» **Data below**:

:::

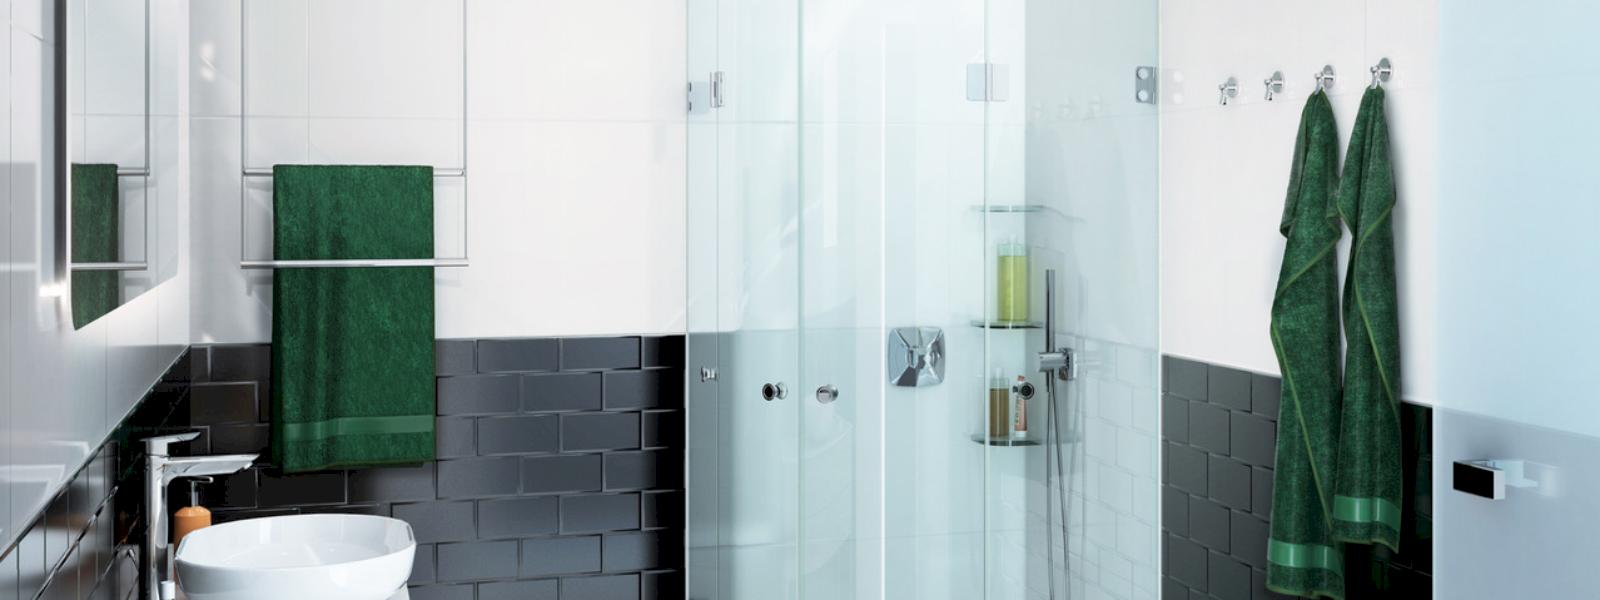 Glassdouche kleines Bad mit grünen Handtüchern
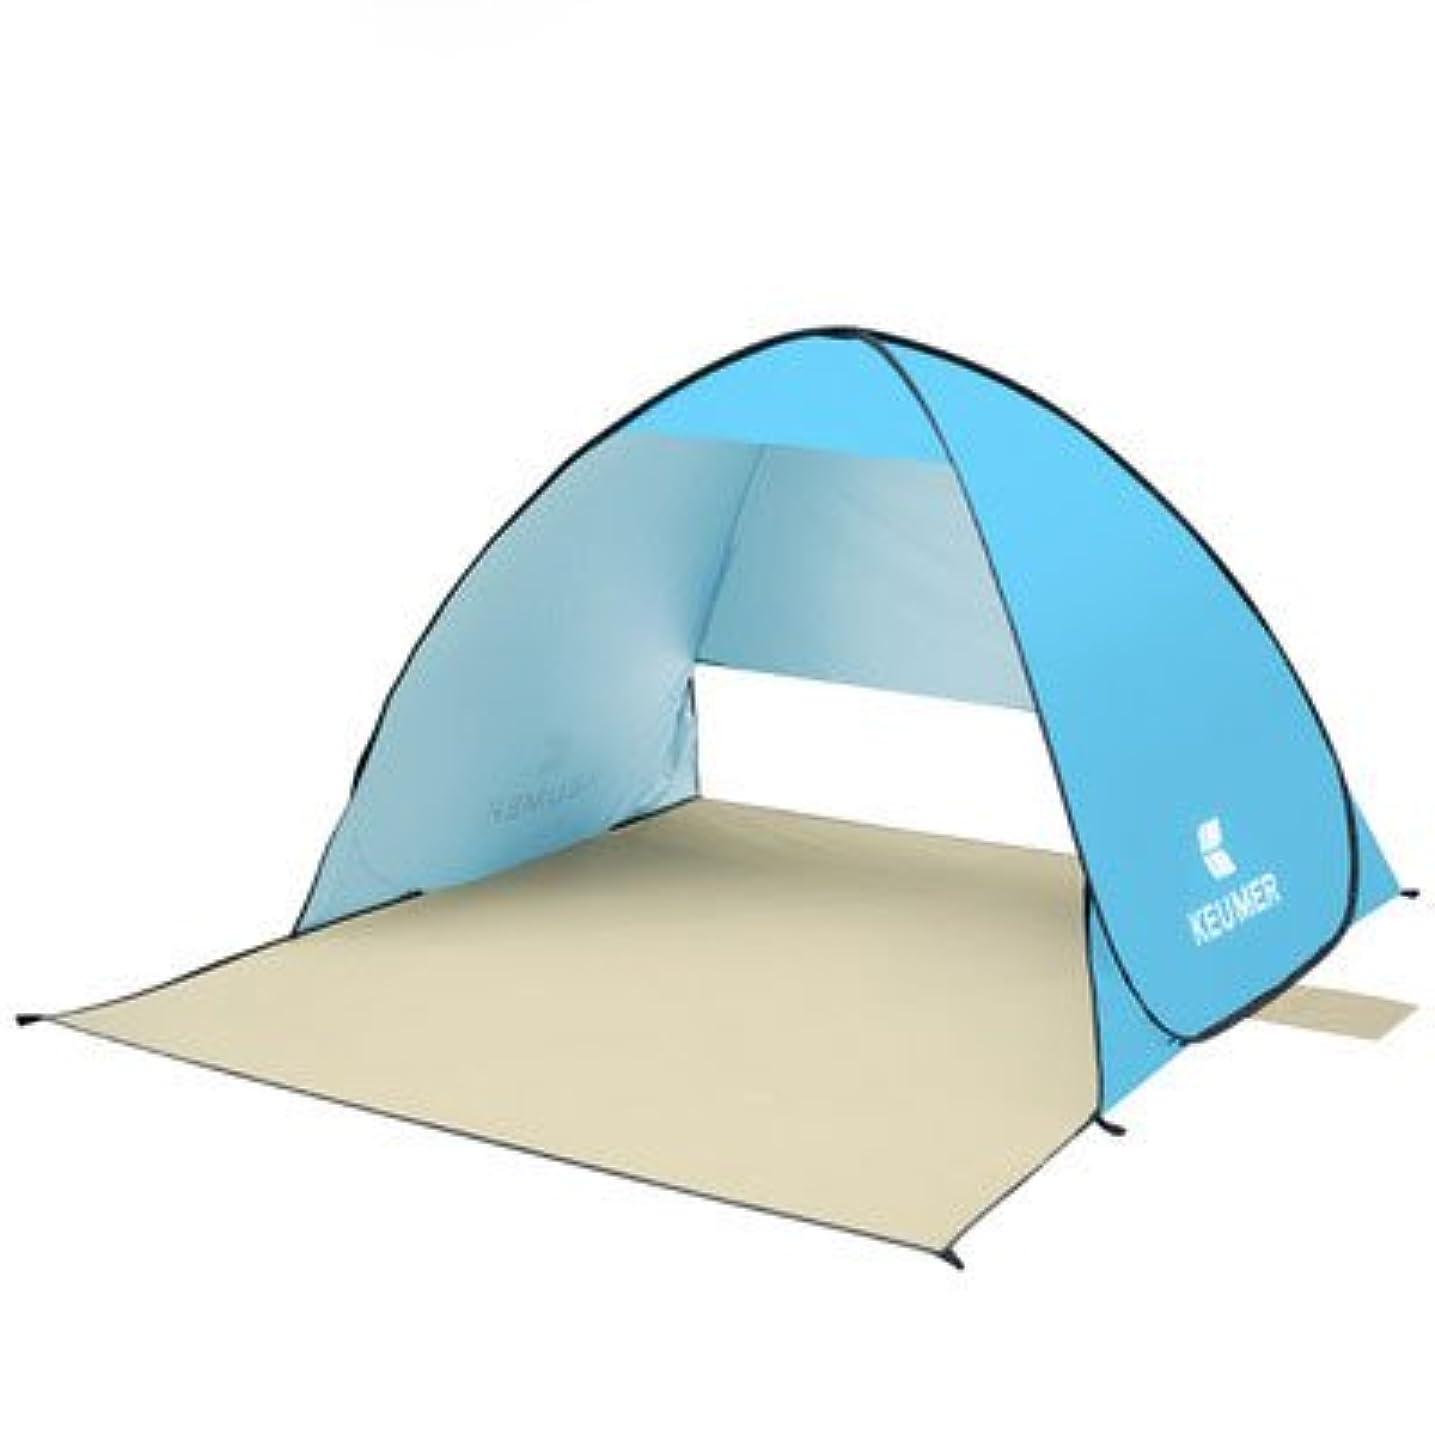 パンツ徴収深いSun-happyyaa 取り付けが簡単なビーチキャンプ用テント屋外用ポータブル日よけ家族向けプレイUVプロテクション大スペース安定性が高い 購入へようこそ (Color : ブルー)
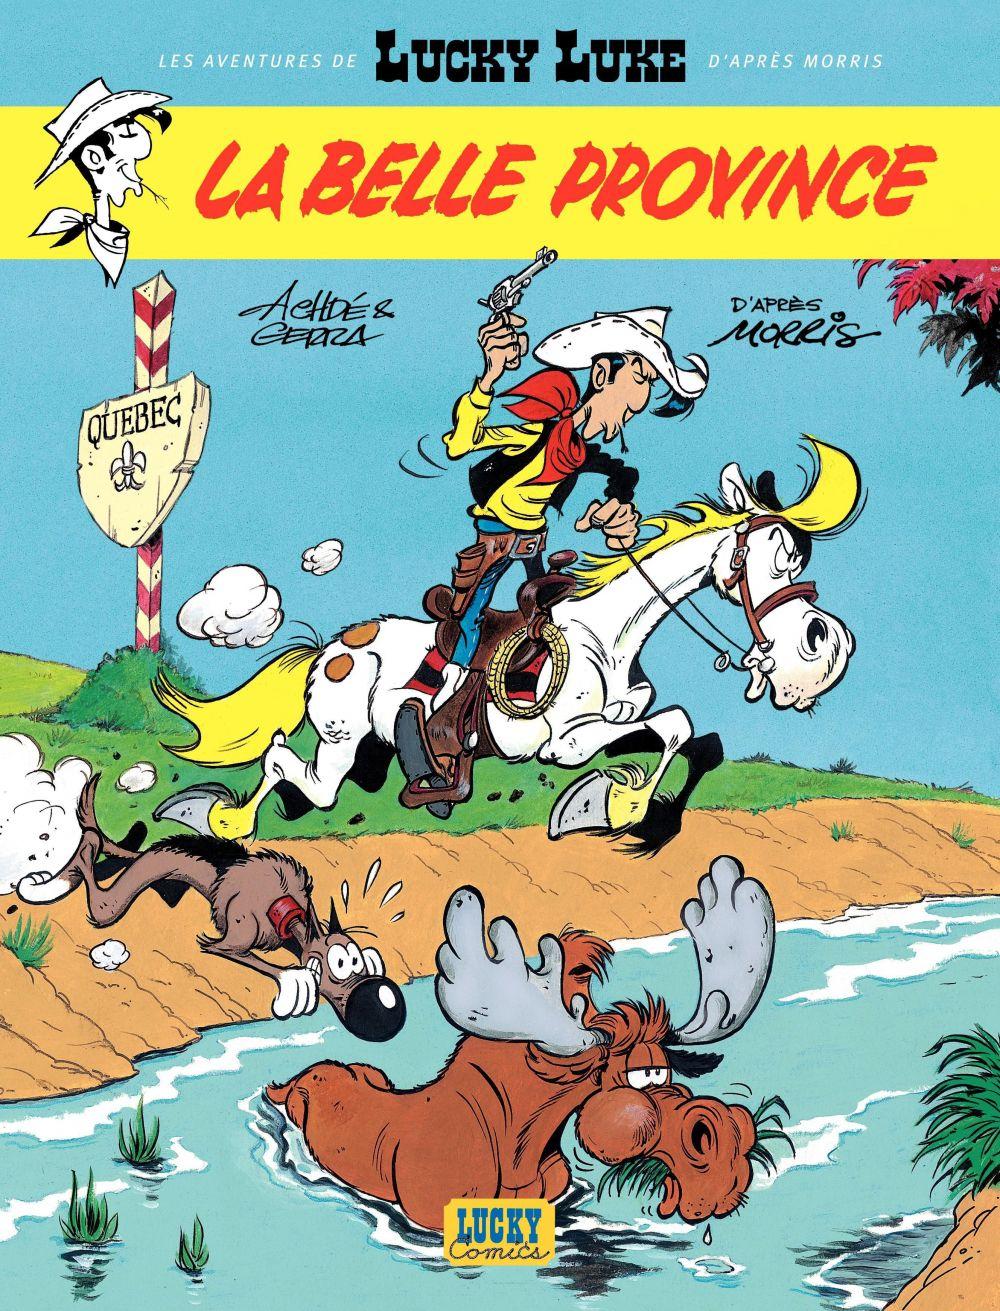 Les aventures de Lucky Luke d'après Morris - tome 1 - La belle province | Gerra, Laurent (1967-....). Auteur

:::

» **Task to carry out**: Output the data above in full and exactly, with every image left out.

» **Answer space**:
 Glassdouche kleines Bad mit grünen Handtüchern
 パンツ徴収深いSun-happyyaa 取り付けが簡単なビーチキャンプ用テント屋外用ポータブル日よけ家族向けプレイUVプロテクション大スペース安定性が高い 購入へようこそ (Color : ブルー)
 Les aventures de Lucky Luke d'après Morris - tome 1 - La belle province | Gerra, Laurent (1967-....). Auteur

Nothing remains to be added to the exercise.